Alpha-1-antitrypsin deficiency (AATD) is significantly underdiagnosed. The early detection of AATD would enable affected persons to make lifestyle changes such as quitting smoking. It was the aim of the study to determine whether the combination of an awareness program with the offer of a cost-free diagnostic test results in the identification of a significant number of individuals with severe AATD.
We combined a series of measures to promote awareness with the offer of a diagnostic test at no charge. Test blood was applied to a filter paper and sent to our laboratory. The level of AAT was measured by nephelometry, the presence of the S- or Z-allele was determined by PCR, and phenotyping was performed by isoelectric focusing.

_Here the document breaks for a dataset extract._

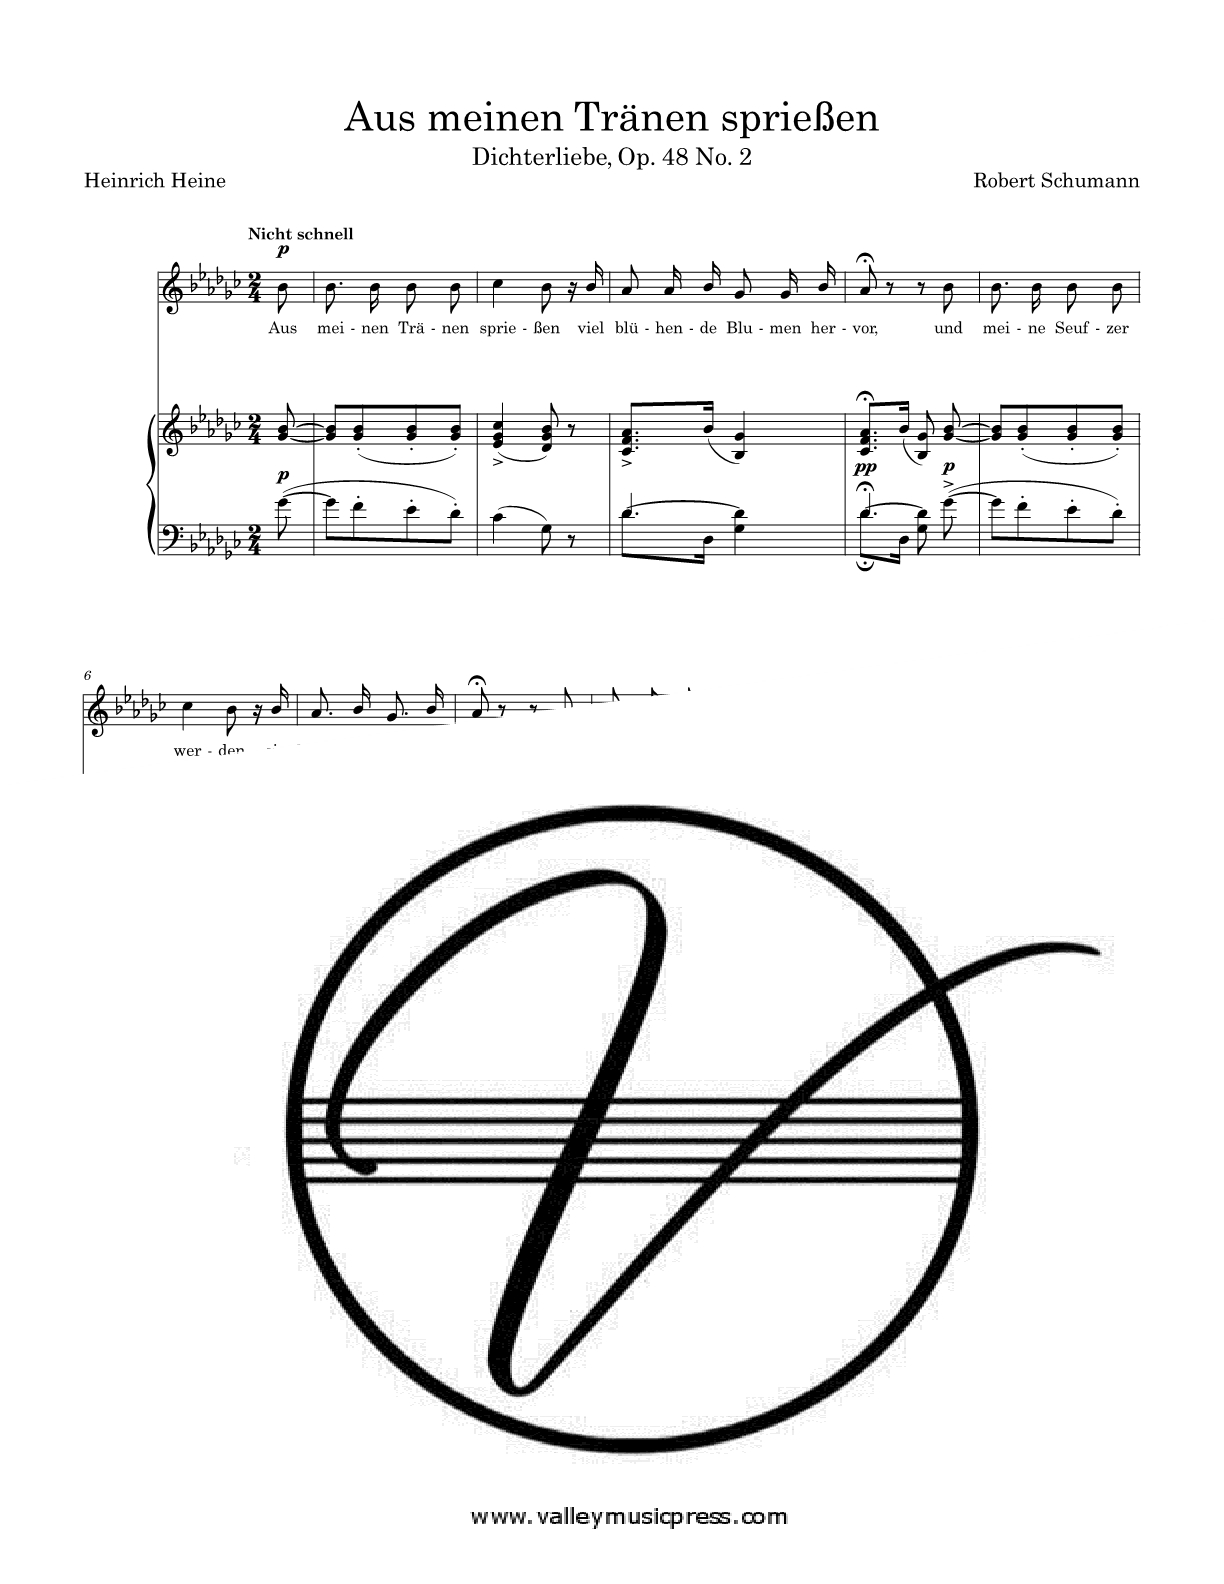 Schumann - Aus meinen Thranen spriessen Op. 48 No. 2 (Voice)

During 37 months 17688 testing kits were distributed and 2722 were sent back to our laboratory. We identified 335 patients with severe AATD including 16 individuals with rare genotypes. Prescreening by determining the AAT serum levels by the submitting physician increased the detection rate as compared to similar programs that screened unselected individuals.
These data show that the combination of an awareness program with the offer of free diagnostic testing results in the identification of a large number individuals with severe AATD.

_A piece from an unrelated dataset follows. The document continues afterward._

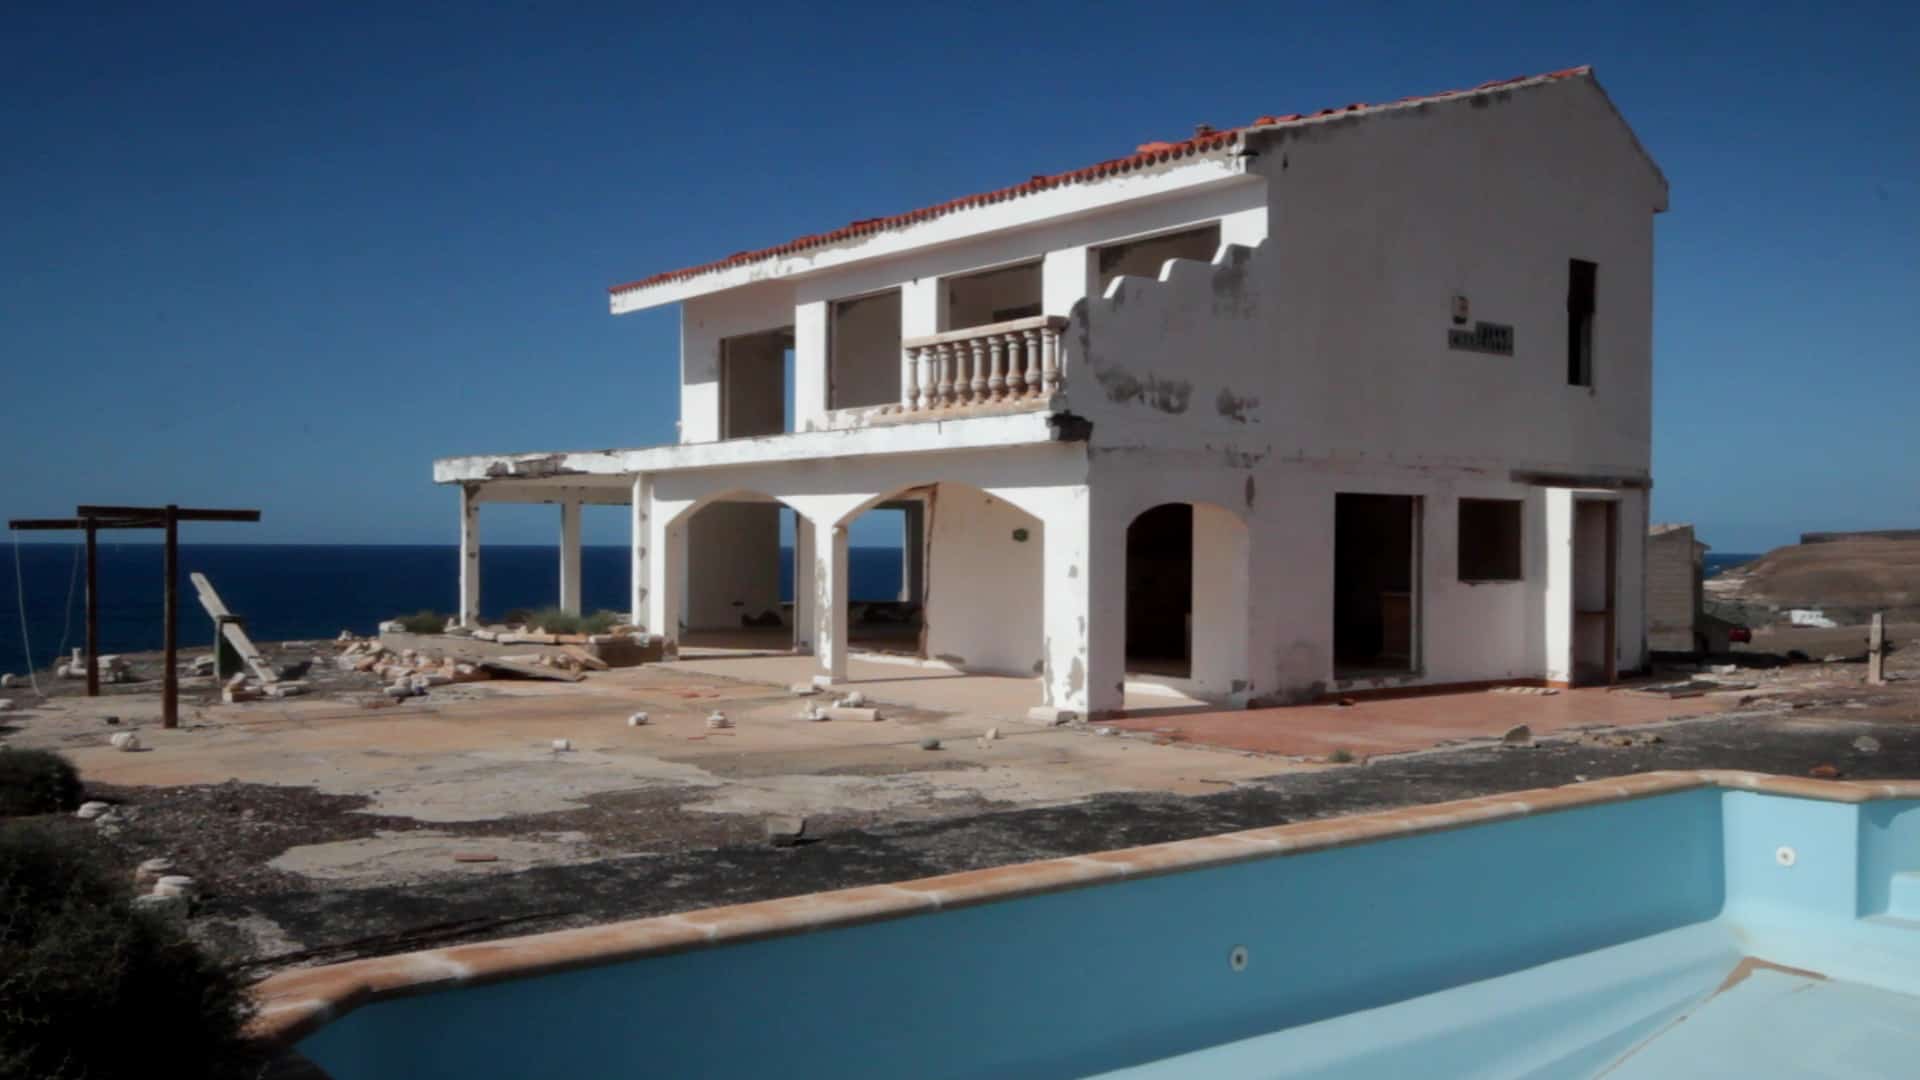 Shattered Dreams – Villa Charlotte, Aguas Verdes, Fuerteventura

α1-抗胰蛋白酶缺乏症(AATD)的诊断明显不足。早期发现AATD可使患者改变生活方式,如戒烟。本研究的目的是确定提高认识项目与提供免费诊断检测相结合是否能识别出大量患有严重AATD的个体。
我们将一系列提高认识的措施与提供免费诊断检测相结合。将检测血样涂在滤纸上并送至我们的实验室。通过比浊法测量AAT水平,通过聚合酶链反应确定S或Z等位基因的存在,并通过等电聚焦进行表型分析。
在37个月内,共发放了17688个检测试剂盒,其中2722个被送回我们的实验室。我们识别出335例严重AATD患者,其中包括16例具有罕见基因型的个体。与筛查未经过挑选个体的类似项目相比,由提交检测样本的医生通过测定AAT血清水平进行预筛查提高了检测率。
这些数据表明,提高认识项目与提供免费诊断检测相结合能够识别出大量患有严重AATD的个体。